This research delves into predicting student dropout rates using various supervised machine learning models. The aim is to identify which models offer the best performance for early intervention strategies in education.
-
Data Split: 70% training, 30% testing
-
Metric: Accuracy, calculated as:
[ \text{Accuracy} = \frac{\text{Number of Correct Predictions}}{\text{Total Number of Predictions}} ]

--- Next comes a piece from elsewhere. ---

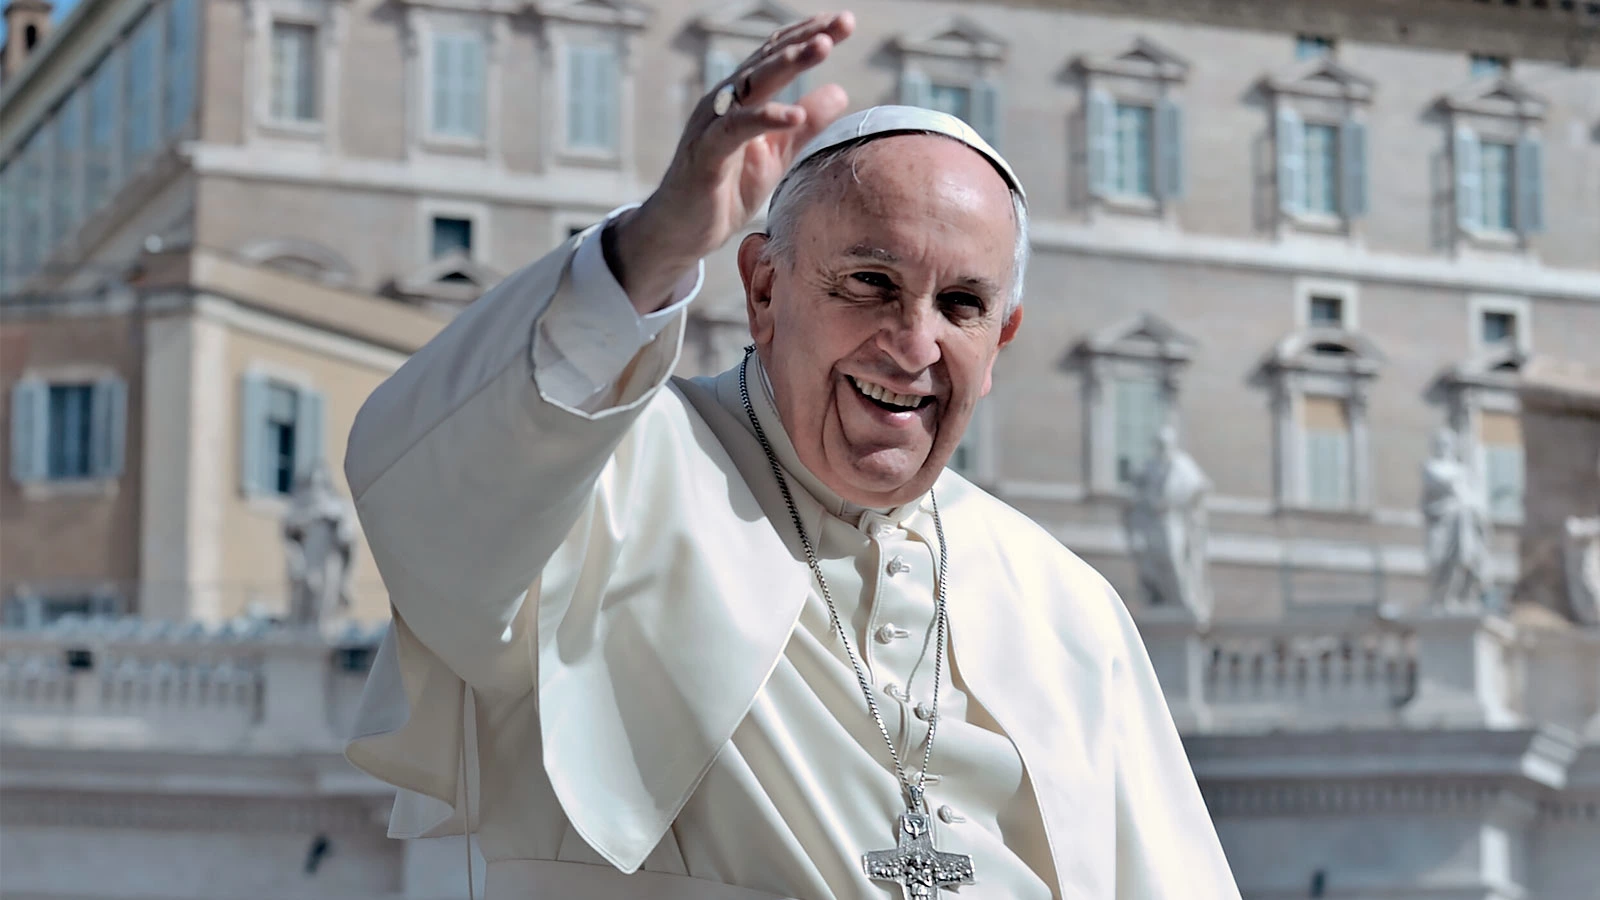 Биография Папы Римского Франциска: интересные факты о жизни и деятельности

Dataset | Dropout (0) | Successful (1) | Total |
---|---|---|---|
Train | 101 | 423 | 524 |
Test | 43 | 186 | 229 |
Sum | 144 | 609 | 753 |
Model | Accuracy (%) |
---|---|
Decision Tree | 69.38 |
Random Forest | 80.56 |
Logistic Regression | 78.08 |
K-Nearest Neighbors (KNN) | 69.38 |
AdaBoost | 77.18 |
XGBoost | 79.89 |
Support Vector Machine (SVM) | 77.06 |
Ensemble (Soft Voting) | 82.15 |
Ensemble (Hard Voting) | 81.02 |
- Top Performer: Gradient Boosting Machine with 82.15% accuracy 🎯
- Best Ensemble Method: Soft Voting 🤖
- Least Effective: Decision Tree and Logistic Regression (69.38%) 🛠️
Ensemble methods, particularly Soft Voting, are highly effective in predicting student dropout rates. This can aid in developing early intervention strategies.